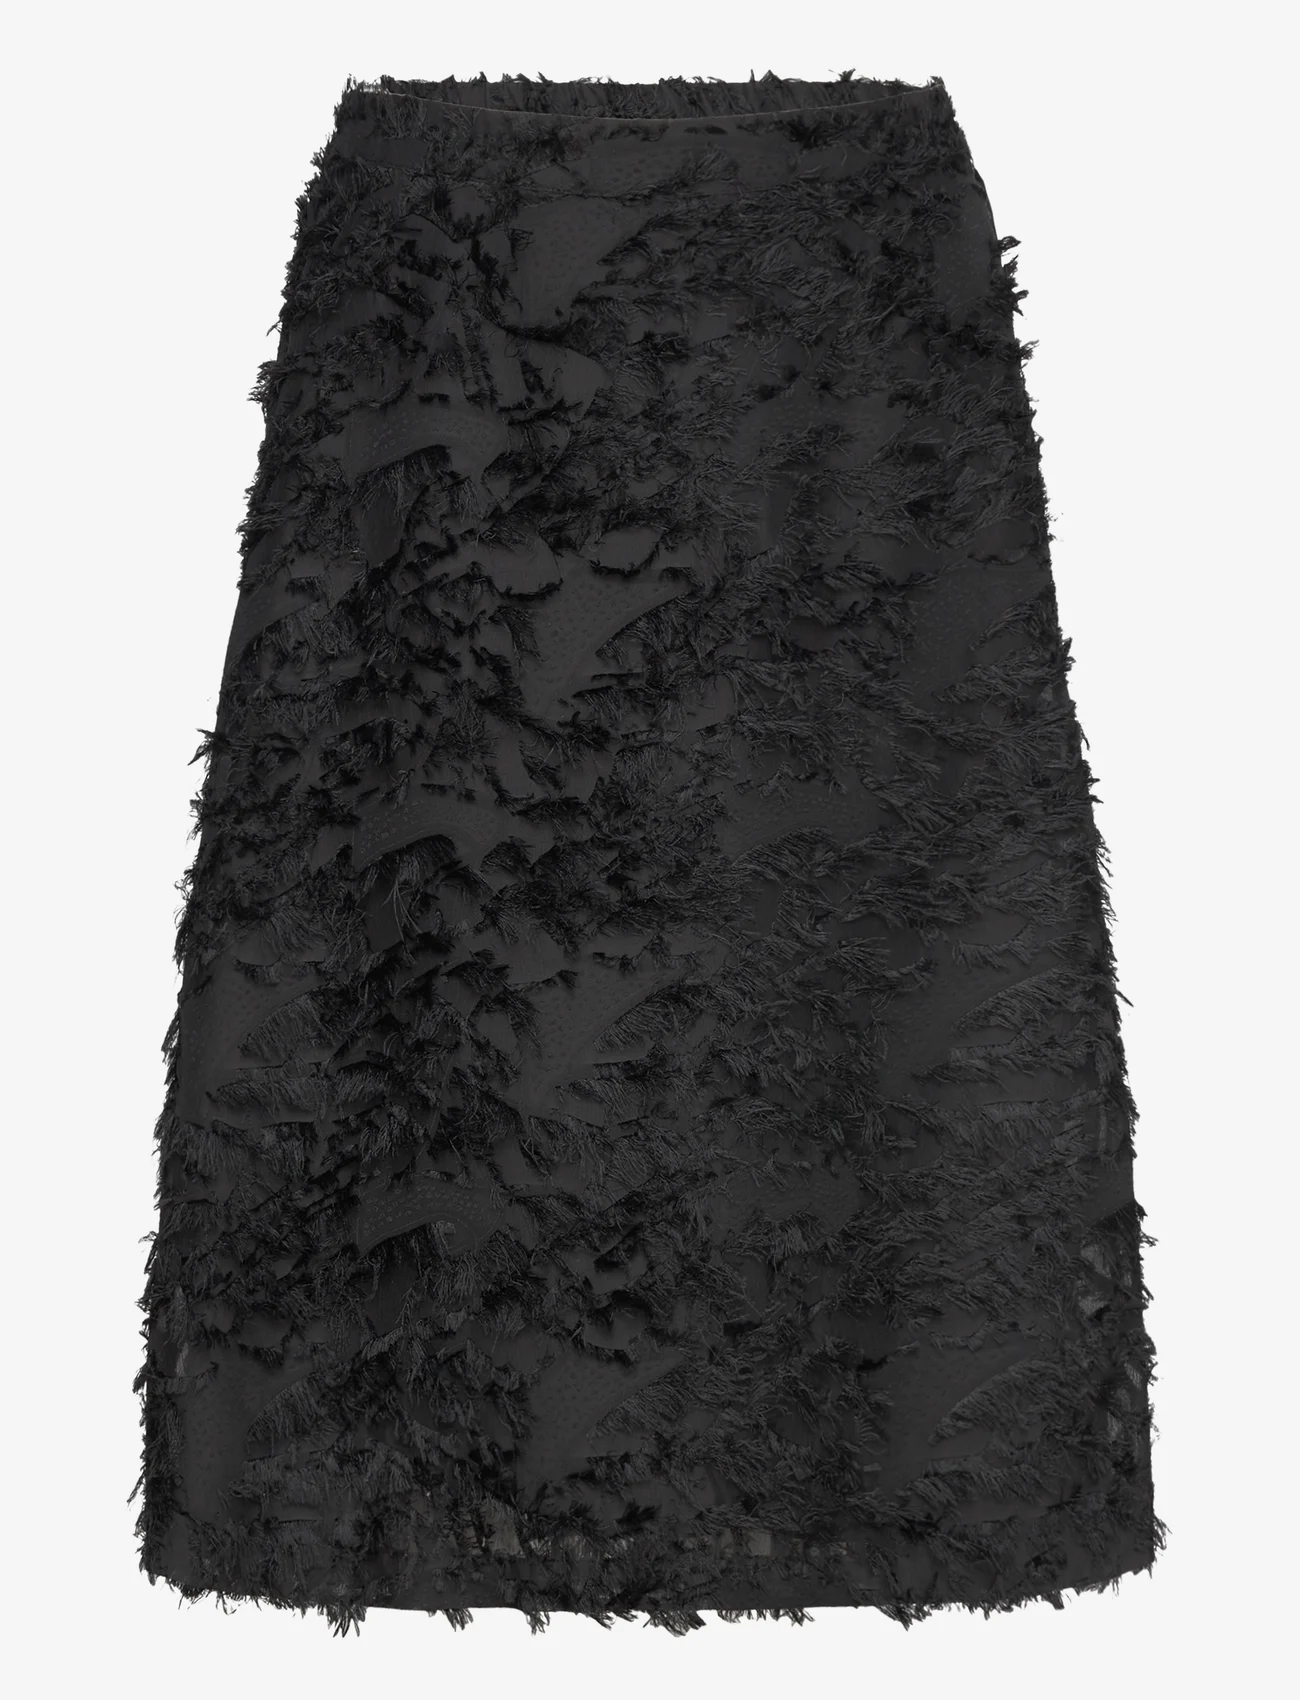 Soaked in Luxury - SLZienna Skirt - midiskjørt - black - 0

──────

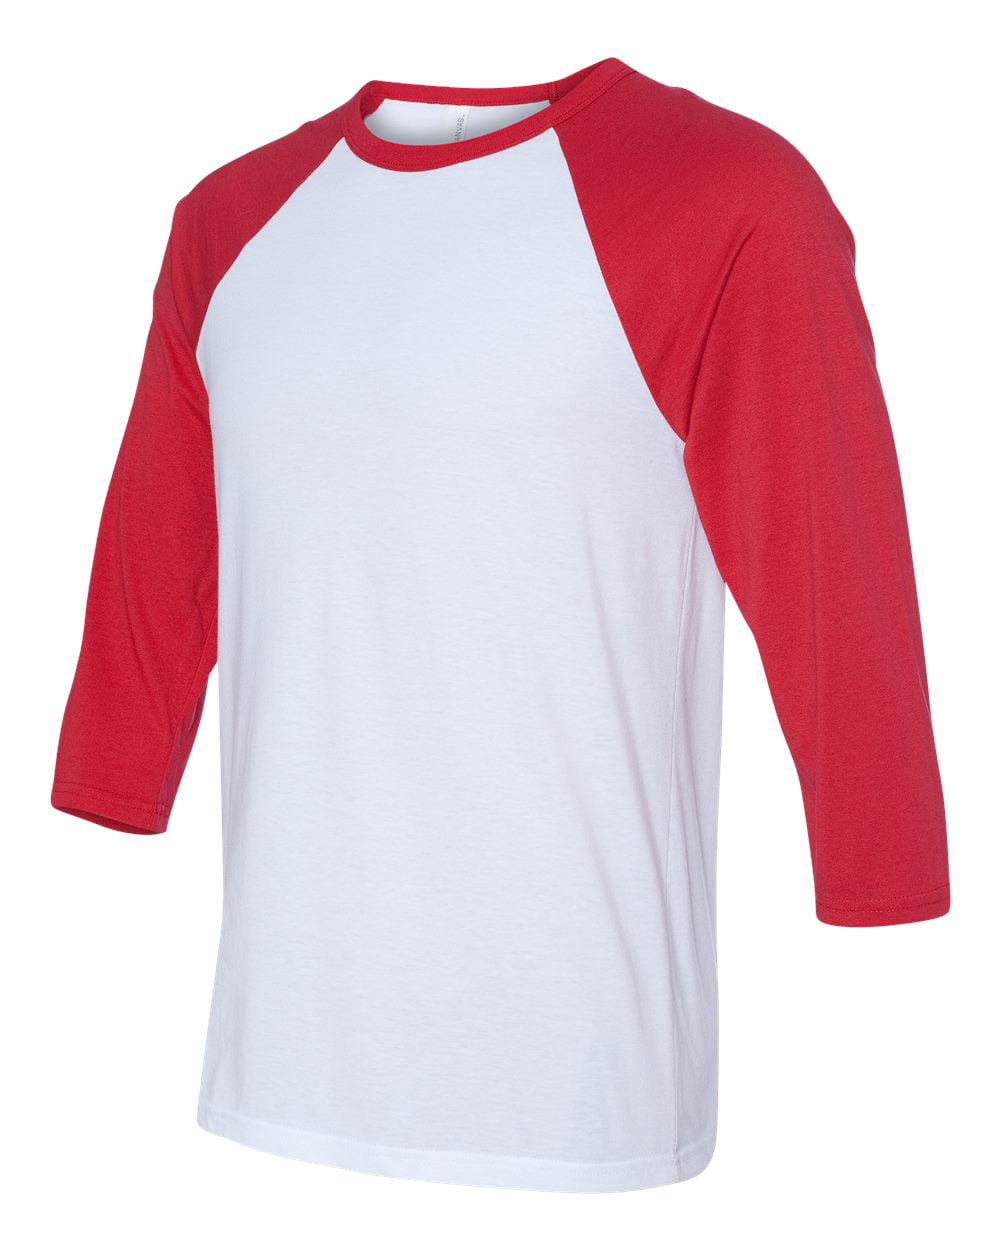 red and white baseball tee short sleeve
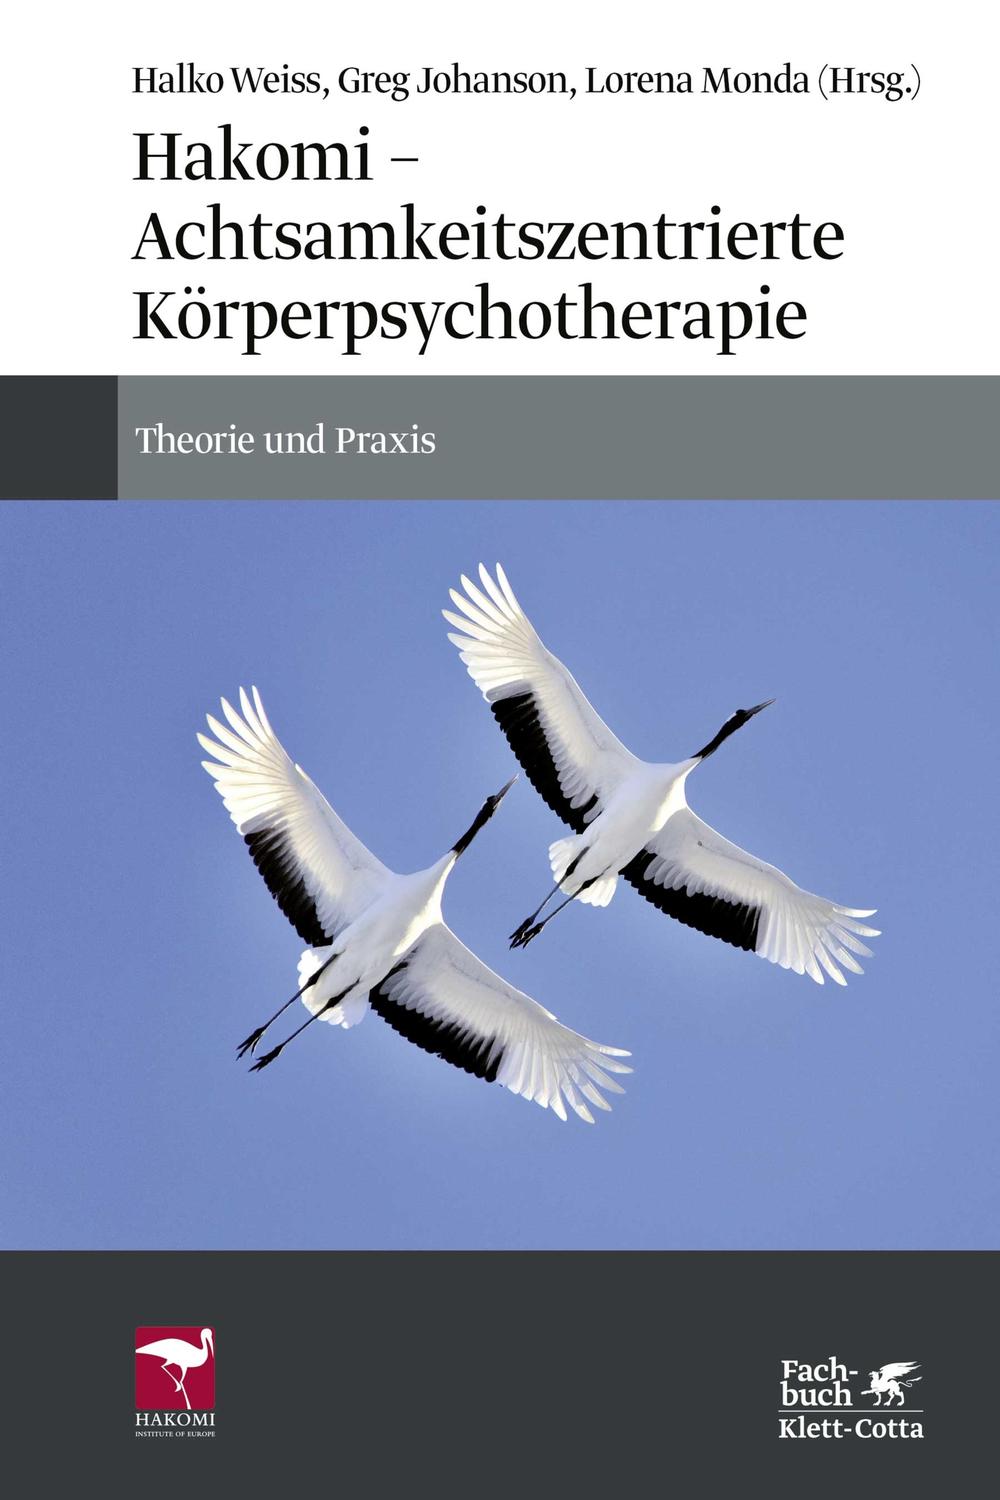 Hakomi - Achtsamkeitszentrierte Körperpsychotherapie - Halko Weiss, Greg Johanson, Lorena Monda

──────

WHAT TO DO: For this exercise, return exactly the lines above from the line with "red and white baseball tee short sleeve" through the line with "Hakomi - Achtsamkeitszentrierte", both included. Do not copy the pictures.

EXERCISE RESULT:
 red and white baseball tee short sleeve
 Hakomi - Achtsamkeitszentrierte Körperpsychotherapie - Halko Weiss, Greg Johanson, Lorena Monda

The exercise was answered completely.